It's not just the dancing that's awful. My PE teacher literally made us make eye contact and bow/curtsy to each other. It's so awkward and sweaty. Everyone wears sweatshirts so they can pull their sleeves over their hands and avoid making direct skin to skin contact. Ok that sounded weird but you know what I'm taking about.

My friend danced with a guys who's notorious for jacking off to feet stuff and later she touched me with her sweatshirt sleeves. Honestly it was disgusting, because unfortunately, I knew exactly where those hands had been. I actually have a guy friend in the class but we don't get to choose our partners, surprise surprise. Oh yeah, I may want to mark my story as mature. I don't know if saying jack off or shit counts as mature. Probably though. What else can I say about my boring life.

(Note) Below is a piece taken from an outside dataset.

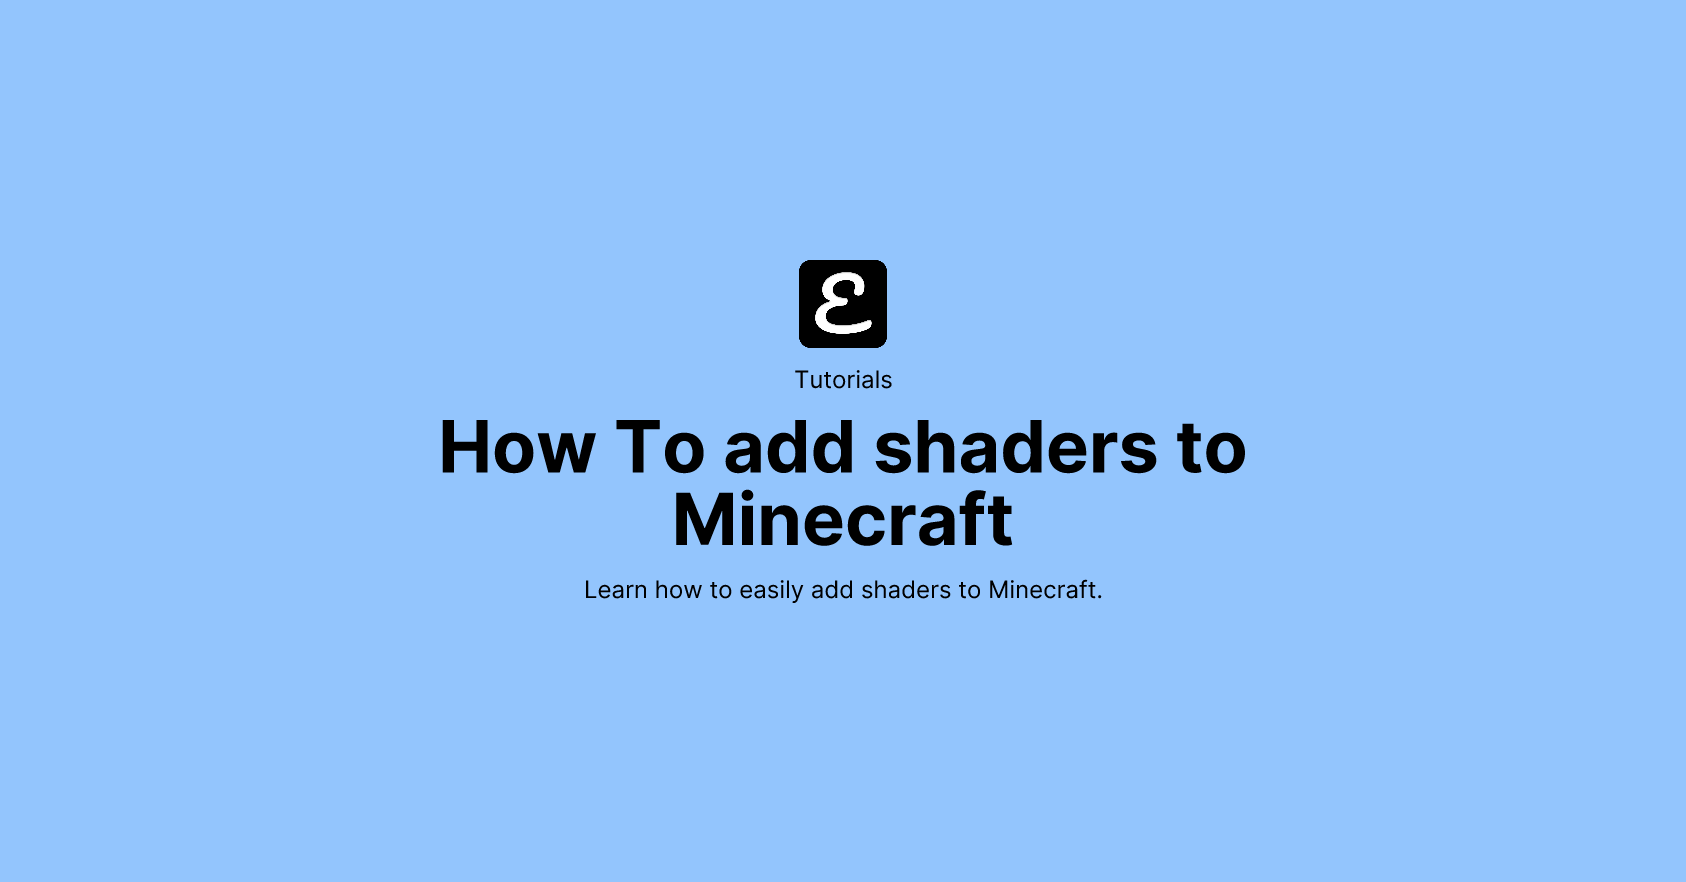 How To add shaders to Minecraft by Eric David Smith

Oh yeah, so in choir there's a strike system. I'm dangerously close to getting my first strike. Actually maybe I've already gotten a strike but I don't know if your strikes reset after a year. Fine I'll restate that, I'm dangerously close to getting my first strike of the year. I was a violent child in third grade. lol I threw chairs and flipped tables. I honestly have no idea why I was so emotionally charged back then but now the only thing that gets me going is anime. It's pathetic really. I'm kinda mad at my friend who I'll call Doggy. She is the kind of person who's really childish and annoying. And I'm the kind of person that retaliates. So you can probably see that it's a miracle our conductor didn't get fed up with us in the first semester. Anyways, I'm never the first person to start things, if you know me(which you don't), you know that I usually space off whenever I feel like it and when that gets interrupted by a sharp jab to the shoulder, I'm going all out. Basically we got our official warning. I like choir and I have no intention of getting a strike. I'm a good kid I swear, or at least appear to be a good kid. But somehow, whenever Doggy's around, my facade is washed away and I get in trouble. Maybe it's because I don't rat people out and she does or maybe it's because I resent her or maybe it's because I haven't figured out how to get her out of my life. It's just she doesn't take choir seriously, and she doesn't get that I do. Probably my fault to be honest. I've tried to make that abundantly clear but it seems I'm going to have to do it again. Wish me luck. Btw choir is today. I can say that cuz I stayed up way too late and now it's past twelve.